Although this drug is a promising answer to many immunosuppressant side effects, the efficacy of the drug must be determined in transplant individuals. Currently, initial animal studies are promising (including studies involving primates), and additional studies are being conducted to determine if this drug could be used successfully and safely in humans.

Antibodies targeting costimulatory proteins

Equally important as a positive identification of a foreign protein is a costimulatory signal. T and B lymphocytes require an appropriate costimulatory signal to become activated and perform effector functions. In the absence of this signal, anergy (nonresponsiveness) ensues. Costimulatory signals include the interaction between the CD28, CTLA-4, LFA-1, and CD40 Ligand on the T cell with their corresponding receptors on the APC (respectively, B7-1, B7-2, ICAM-1, and CD40). The costimulatory signal can be thought of as a final checkpoint that enables the lymphocyte to begin its destructive behavior. By blocking any of these signals through monoclonal or polyclonal antibodies, lymphocyte action will effectively be inhibited.

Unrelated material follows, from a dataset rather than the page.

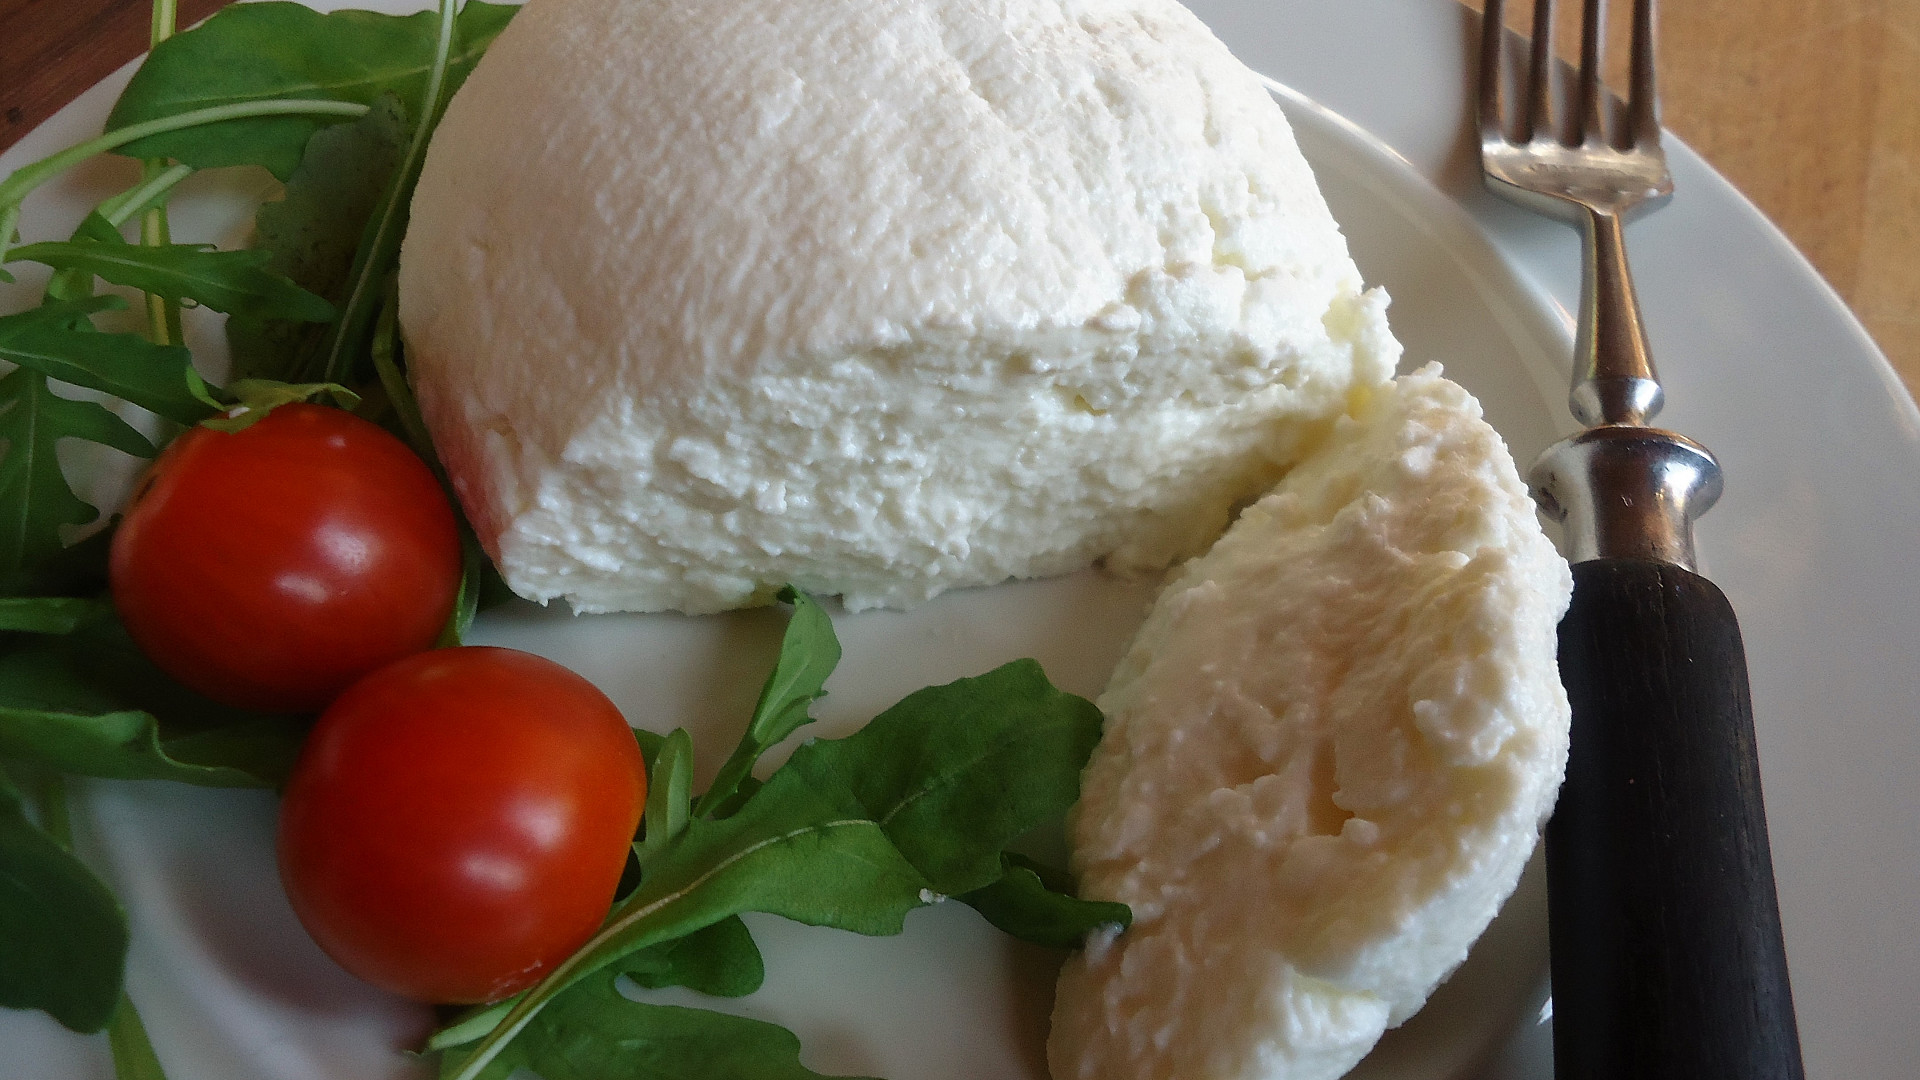 jak si doma vyrobit plísňový sýr camembert? poradíme s postupem krok za krokem

This has resulted in intense research involving antibodies specific for these surface proteins. Because a costimulatory signal is only needed activate immature lymphocytes, mature B and T cells needed for normal immune function (such as common diseases) are spared. Thus, only limited impairment of the immune system is experienced. Many costimulatory antibodies are currently undergoing animal trials. As a whole, they appear to be promising for clinical use.